▸ Try it
Wherever pictures appear in the listing below, leave them out, and copy exactly, and only, everything from the line with "Монеты царской россии" down to the line with "Muebles para una".

▸ Input for this task
○ ○ ○ ○ ○ ○ ○
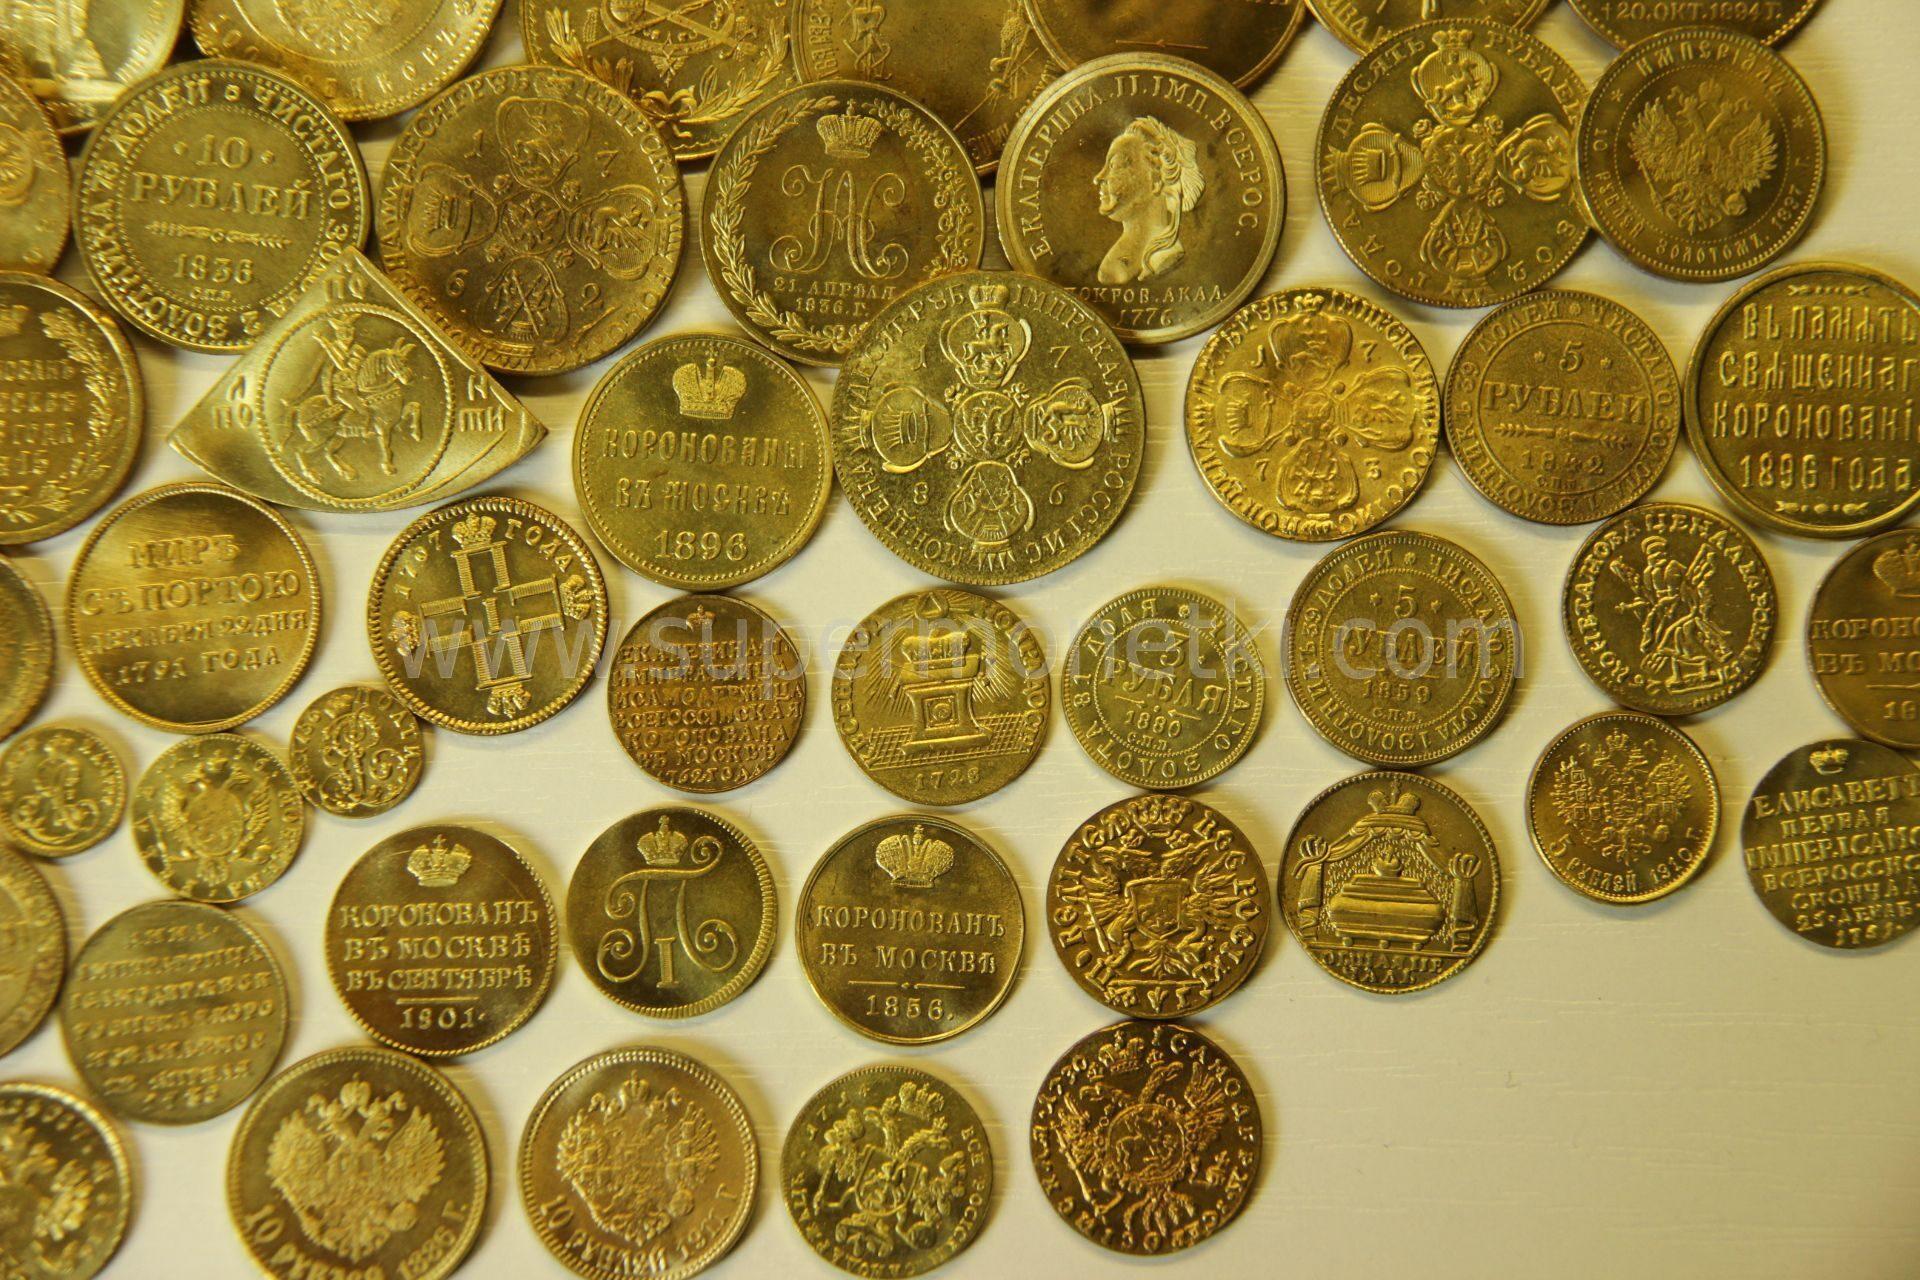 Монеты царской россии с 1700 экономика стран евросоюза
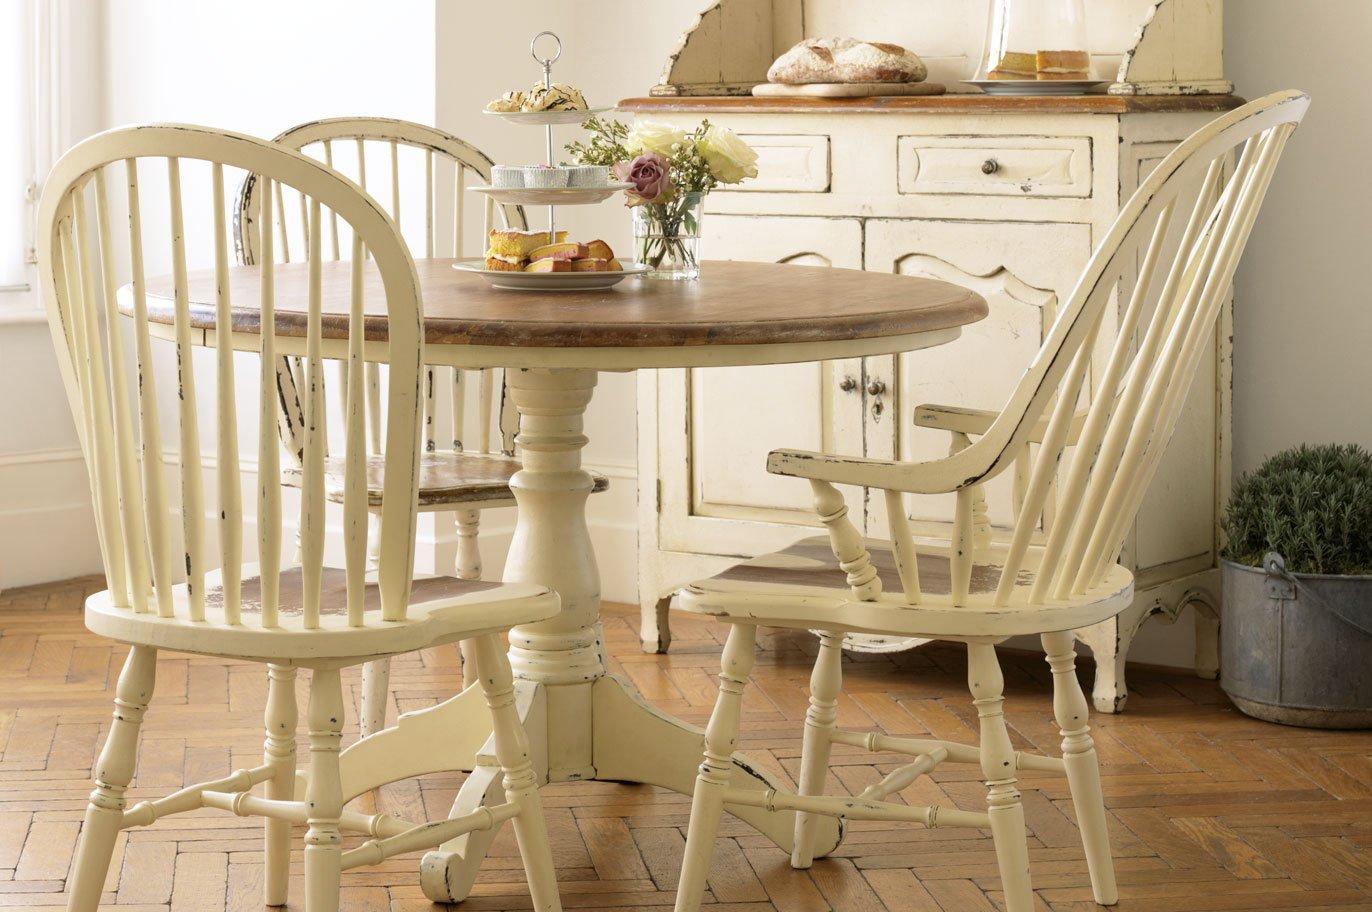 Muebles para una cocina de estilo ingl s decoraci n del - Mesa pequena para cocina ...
○ ○ ○ ○ ○ ○ ○
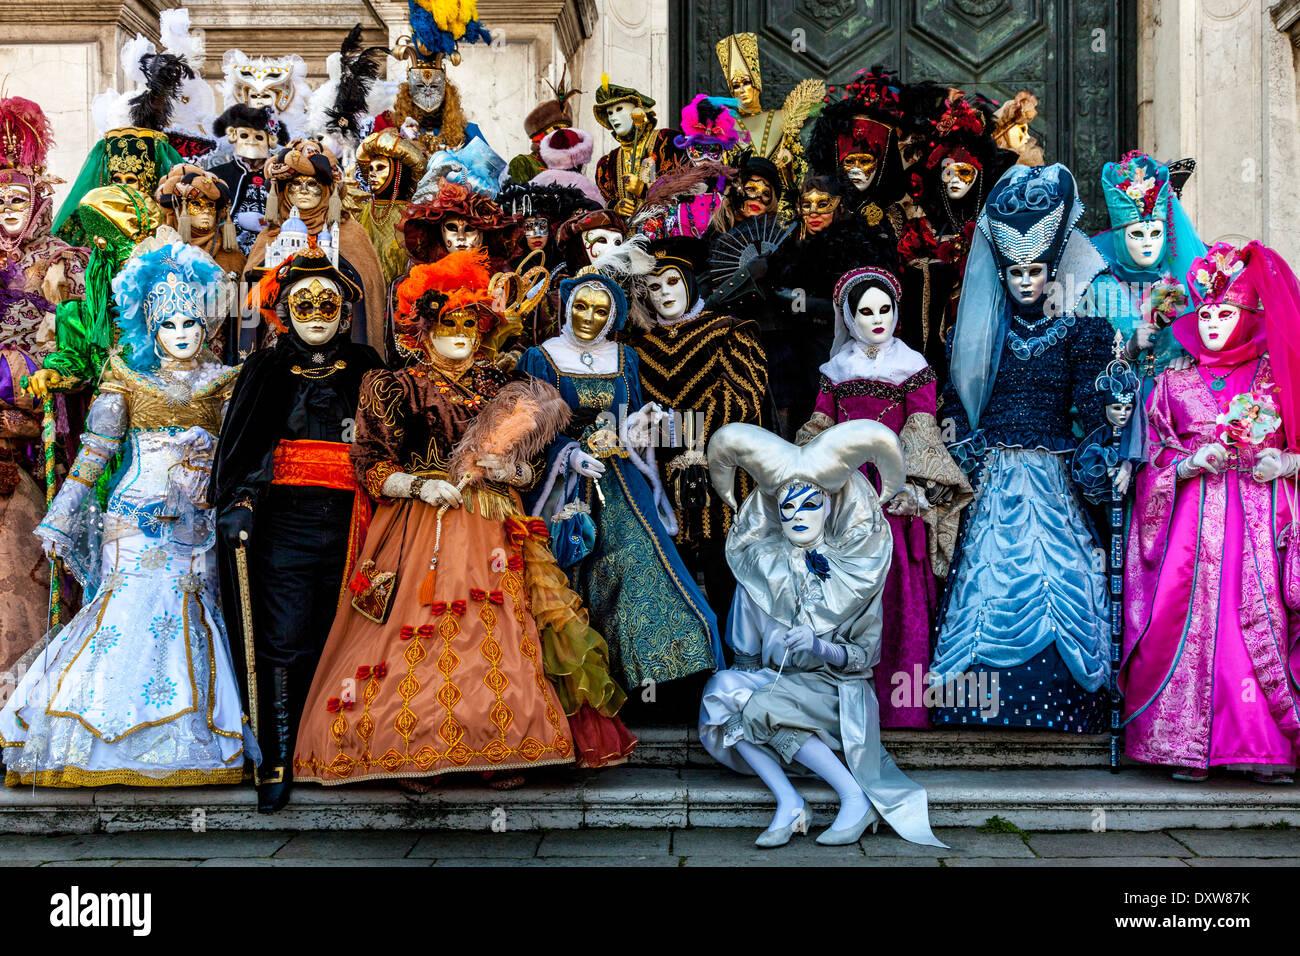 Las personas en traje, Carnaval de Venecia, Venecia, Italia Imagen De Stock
○ ○ ○ ○ ○ ○ ○
▸ Your response
 Монеты царской россии с 1700 экономика стран евросоюза
 Muebles para una cocina de estilo ingl s decoraci n del - Mesa pequena para cocina ...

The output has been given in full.